Confucianism, Parenting and Abuse

I am not familiar with the term “child abuse”. When I think about my childhood, my parents did spank me, yell at me, criticized my actions, and other behaviors that hurt me. Do these actions count as abuse? Maybe.

Confucius

Confucianism had been the moral standard in China for more than two thousands years. Although contemporary Chinese people no longer emphasize and treat Confucius ethics and philosophy as the only standard, his teaching and ideologies have been rooted deeply in Chinese society. Confucianism highly values the importance of filial piety, and believes obedience is the way to show filial piety to parents. In terms of family hierarchy and roles, parents are in more superior positions than their children. Based on such family construction, parents and children are not very close to each other. On one hand, children love and rely on their parents, and on the other hand, since parents are more superior, children must respect and obey them.
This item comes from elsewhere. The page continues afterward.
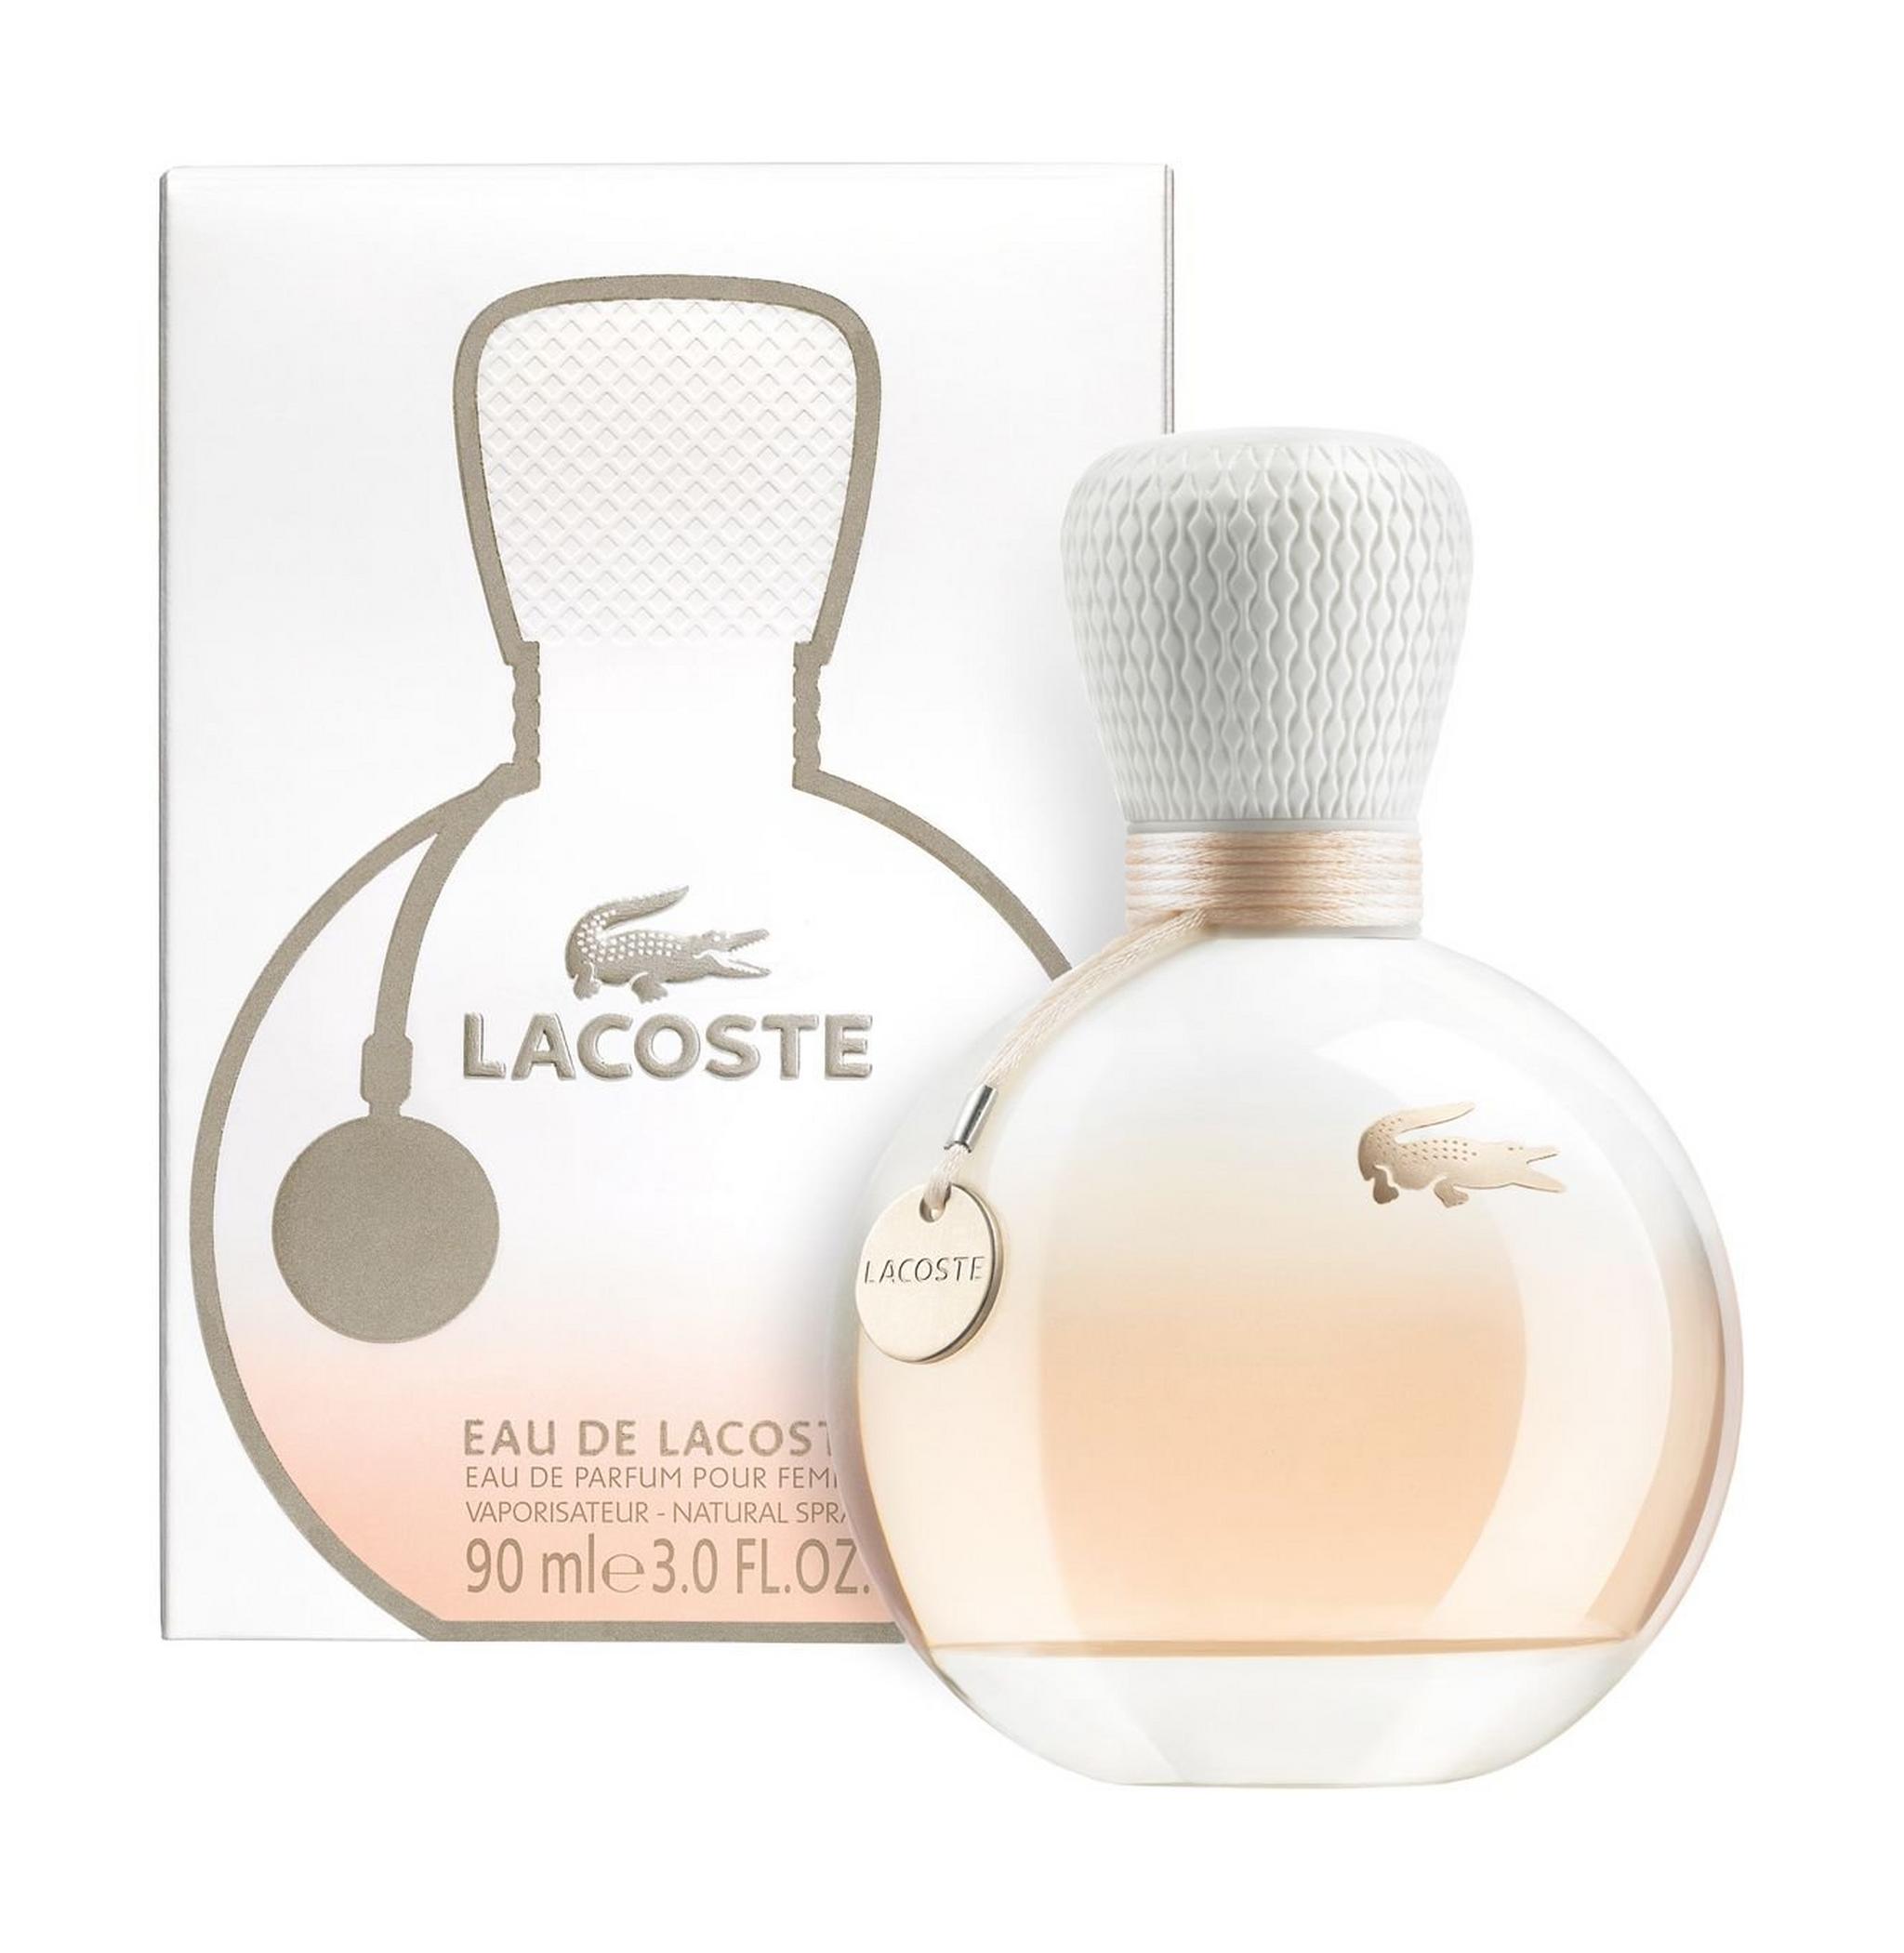 LACOSTE Eau de Lacoste - Eau de Parfum 90 ml

Disobedience was traditionally viewed unethical and un-filial.

Filial Piety

I barely remembered why my parents beat me, yelled at me or criticized me, but I just remembered they did. When I talked to my friends about childhood abuse, we shared about the same experience. We remembered the tools that parents used to beat us, but we all forgot the reason why the conflicts started. And usually, the fights between my parent and I ended up with either seeking for help from my grandparents, and the other parent if my father and my mother were not at the same battle line, or I apologizing for whatever I did, though I did not admit in my heart. December 29th, 2007, it was my 17th birthday. I went back to my hometown and planned to celebrate with relatives and friends (I was in Christmas holiday, but my cousin wasn’t). My cousin came back from school during lunchtime, and my grandparents insisted him to take a nap, but my cousin wanted to play computer games with me. My grandparents were angry with him. To resolve the problem, my father slapped my face, blamed me for distracting my cousin’s nap and disobeying my grandparents. I felt humiliated and ran away from home for couple hours. In the end, my mother and aunt pacified me on the phone and asked me to come back to the party to protect everyone’s face, and my father never apologized to me. That was the worst birthday I’ve ever had. I wasn’t in the mood for party at all. Every time I think about this moment, I still felt angry with my father and hurtful. My father owed me an apology, but I cannot ask it back.
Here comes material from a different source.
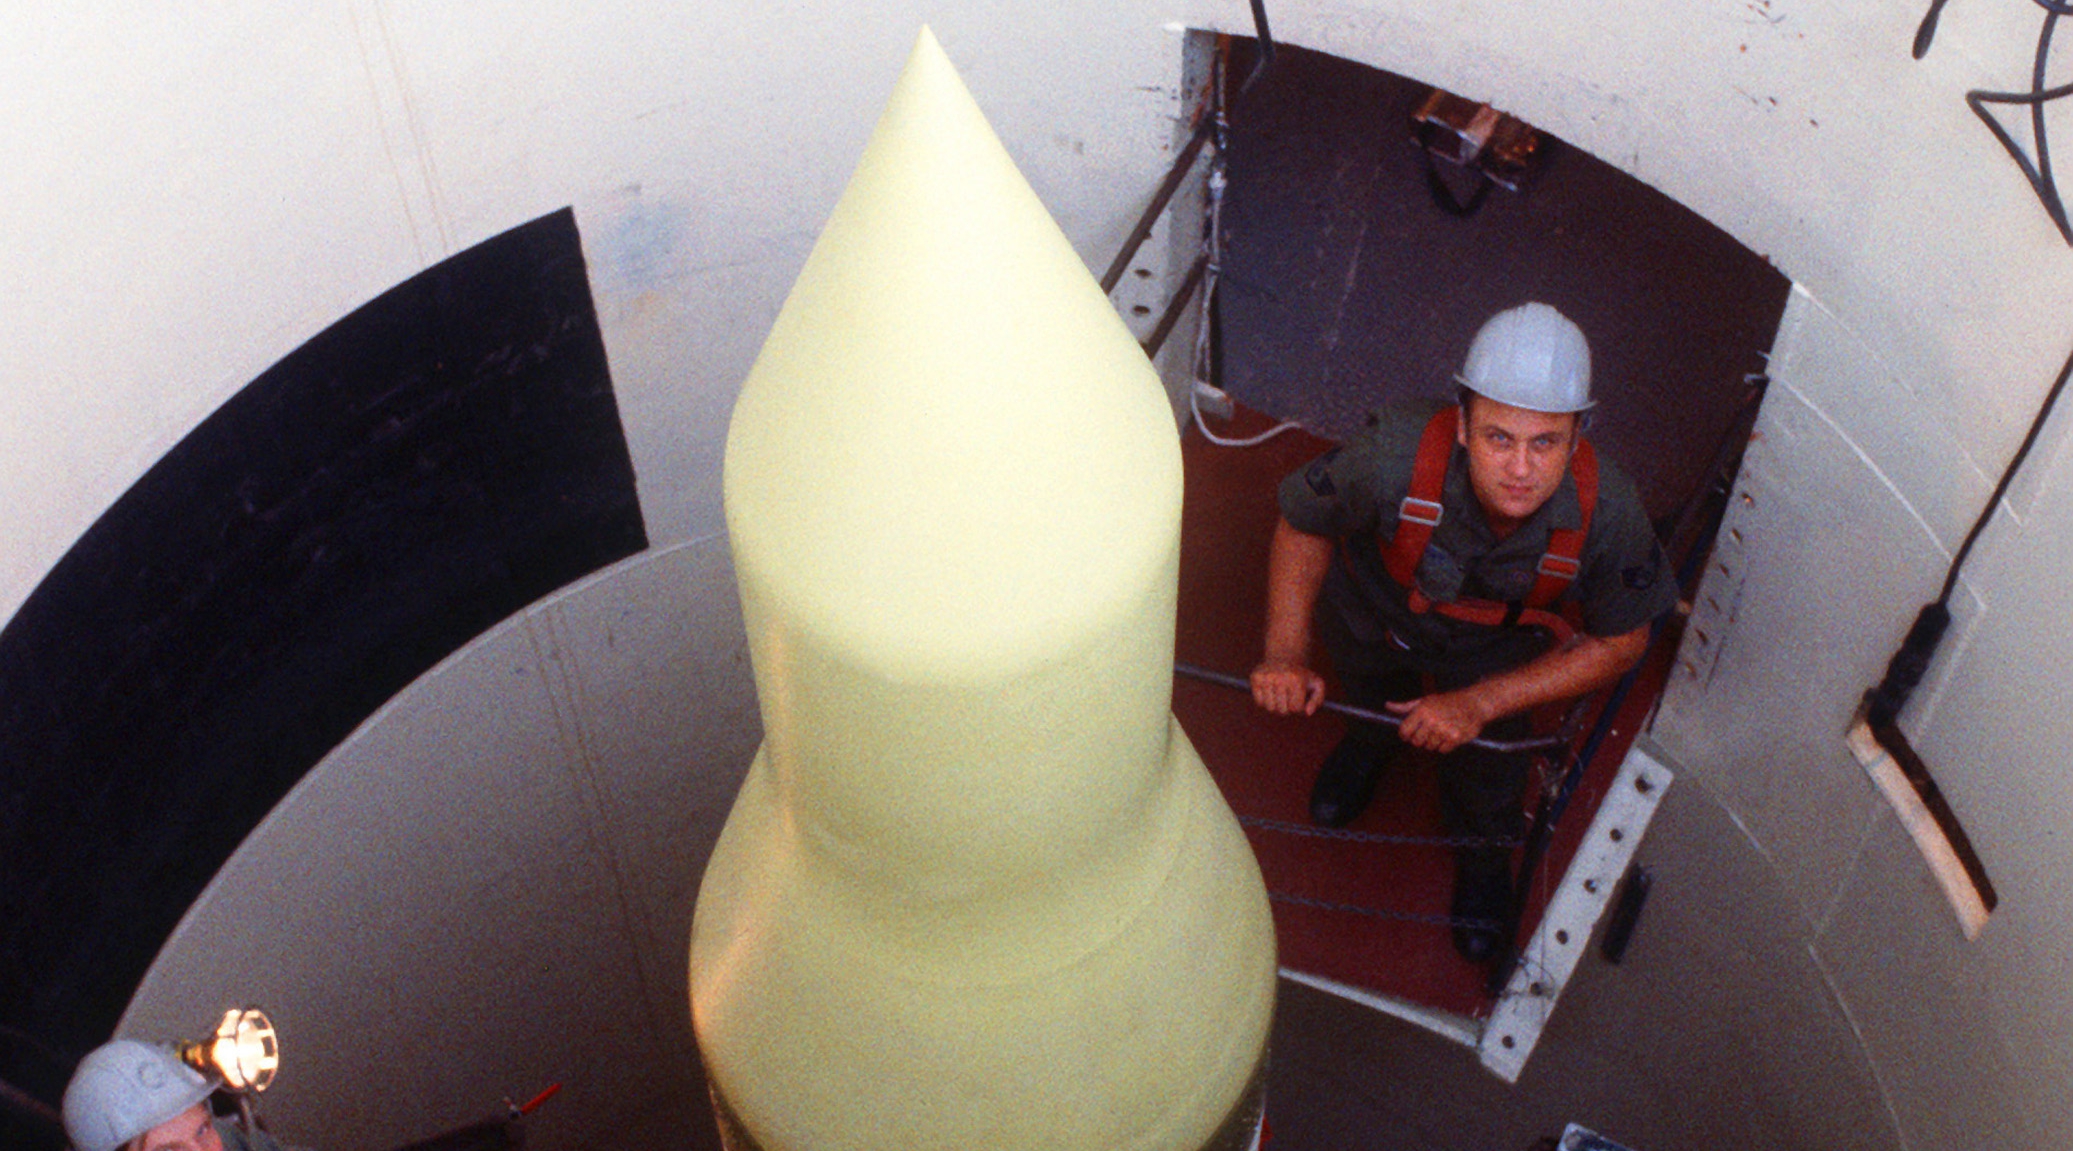 США провели испытание межконтинентальной ракеты Minuteman III

When I was little, every time my parents criticized me or beat me, I thought it might be my fault. When I grew up, I realized that my parents were not always right; it was just they were afraid to lose face in front of me. Most of conflicts between my parents and I ended up in silence, and we both chose to not mention them. This is usually how Chinese parenting looks like. Confucianism filial piety rooted in the culture so deeply, so individuals hardly change. I believe my parents were raised in the same way, or even worse. Right now, I do communicate with my parents often and we sometimes talked about my childhood, starting to understand each other. However, from my observation, my parents barely communicated with their parents. I think that’s how society evolves from generation to generation. Individual’s abilities are limited, but through education and acquiring more new information, deeply rooted ideologies can change.
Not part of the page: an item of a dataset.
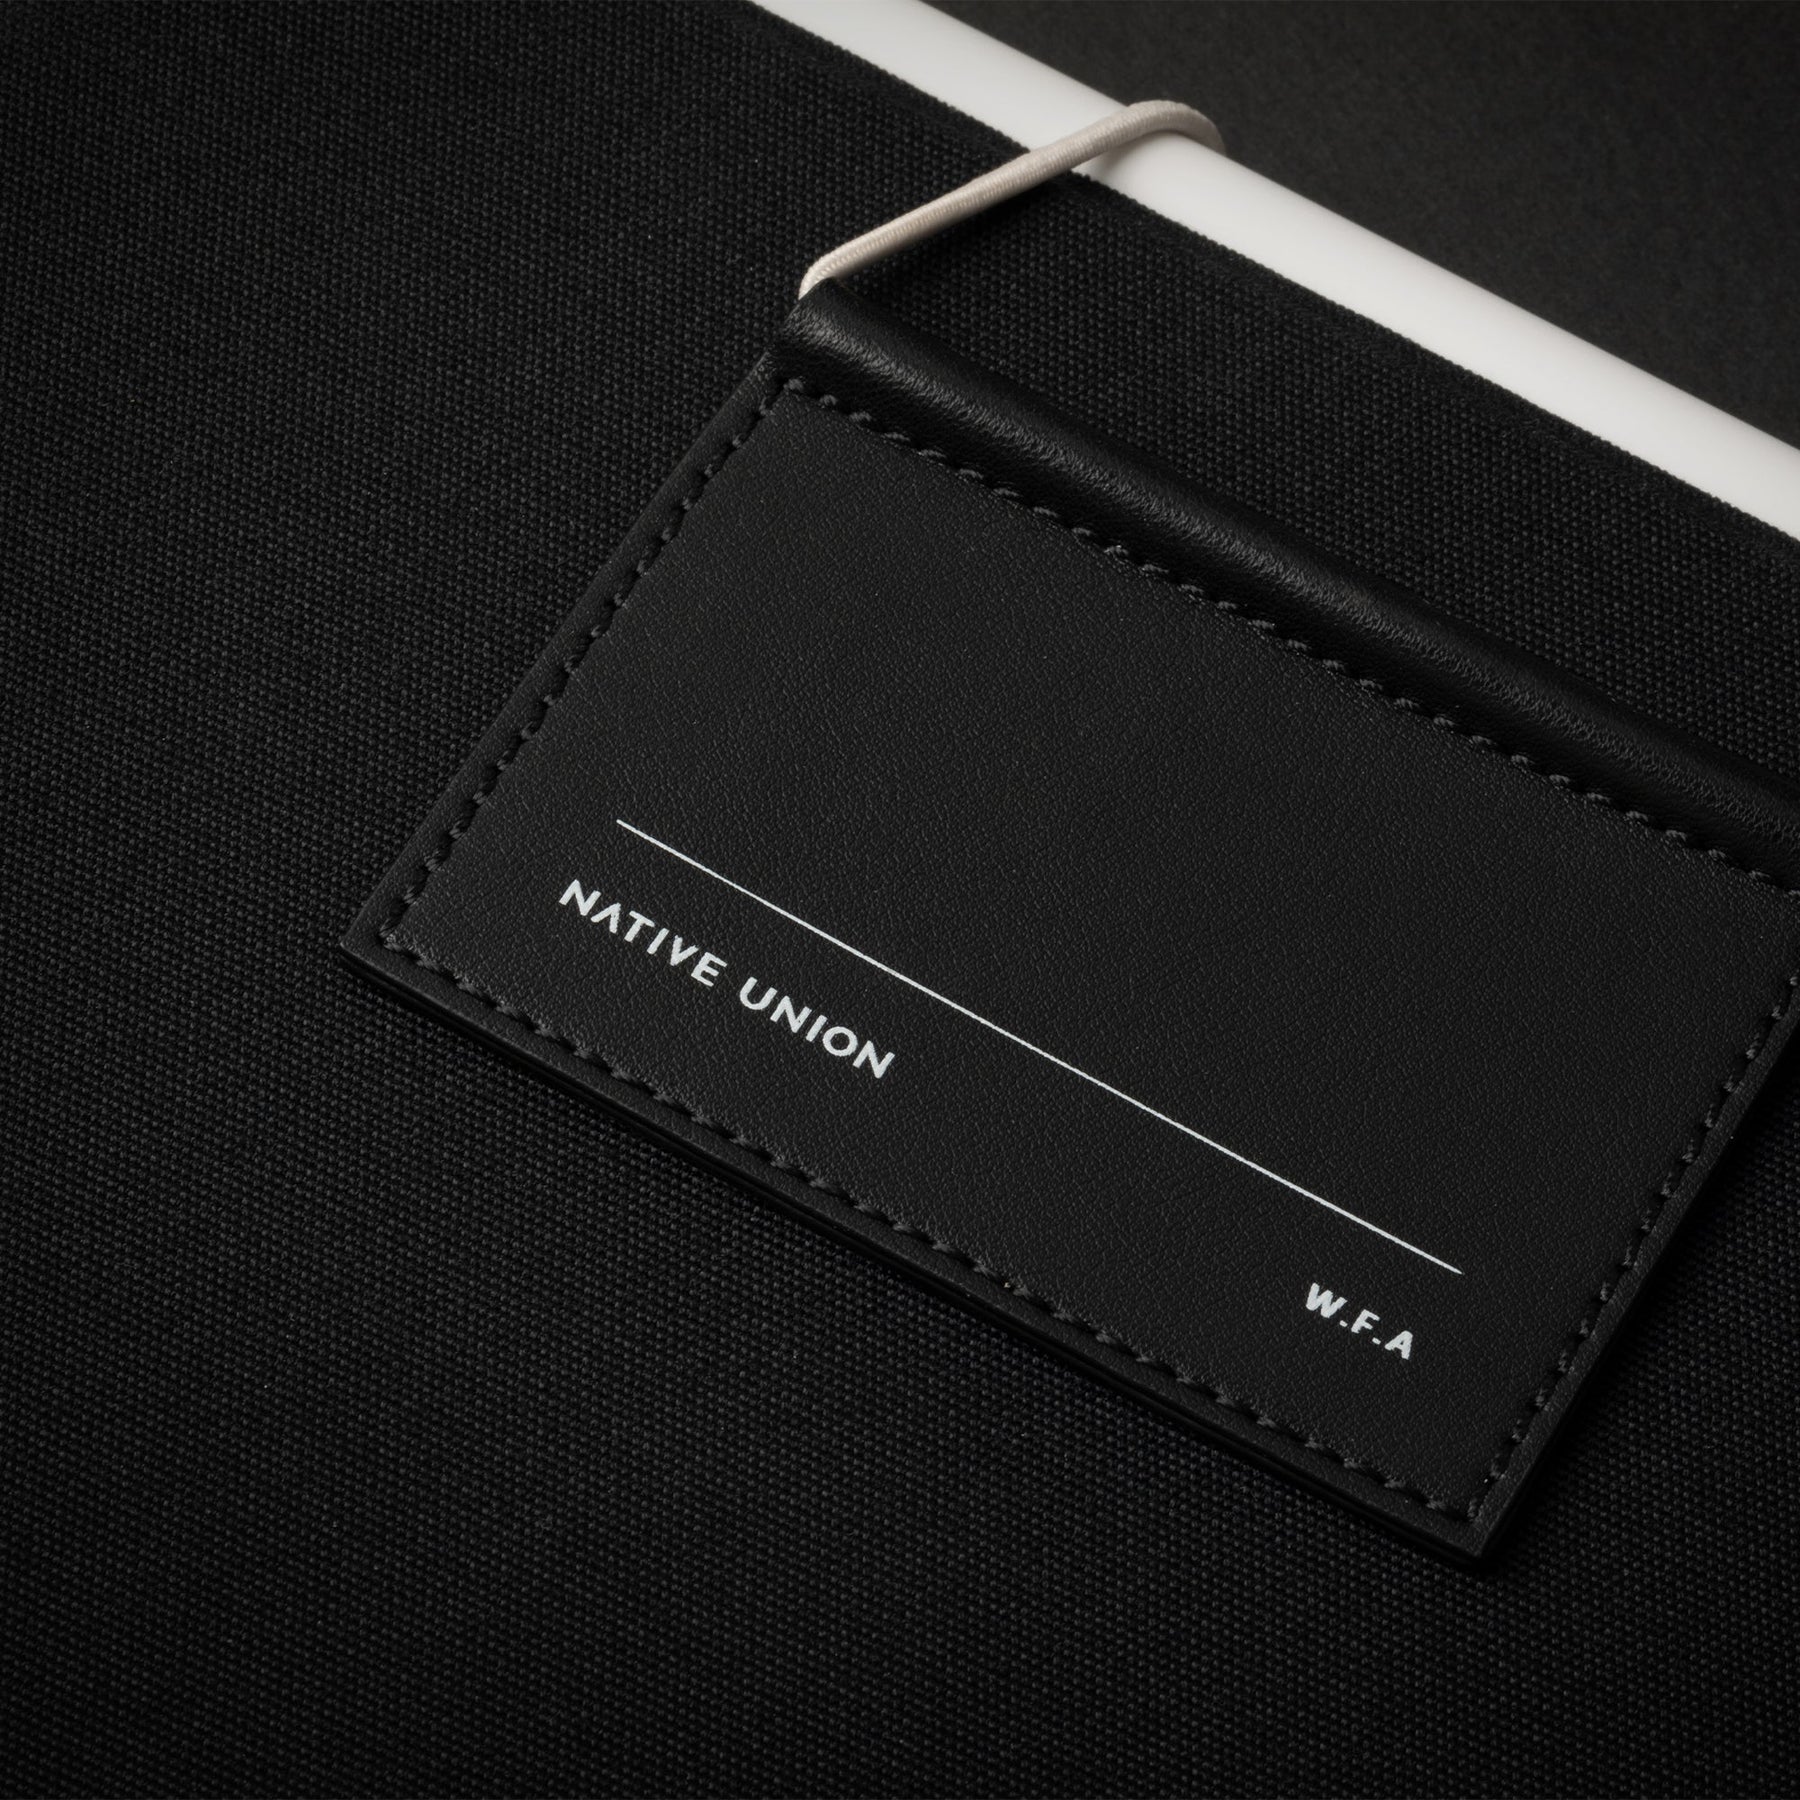 Saint Laurent Black leather iPad holder

Most of my friends and I are the first generation of one-child since the One Child Policy has been implemented in early 80s. We attracted the full attention from family. As the only child of my family, I know my parents love me and I was born in the right family. However, their behaviors in my childhood were still considered abusive. I shared the story of Look At Us Now, Mother! with my friends, the story ensembles ours. As Sigmund Freud says, “unexpressed emotions will never die. They are buried alive and will come forth later in uglier ways.” All conflicts must be resolved, otherwise accumulating the unpleasant emotions inside will lead to explosion in the future. I like the way that Gayle Kirschenbaum chooses in the movie to remember and examine the past, and then forgives her mother. However, for me, the situation is different and more complicated. It is the culture. I experienced my parents’ love and criticism at the same time. Therefore, I choose to forget and forgive. Comparing to the love that they gave me, the abuse and harm are negligible. I don’t attempt to change the culture, but one day if I were parent, I would not treat my children in the same way as my parents did.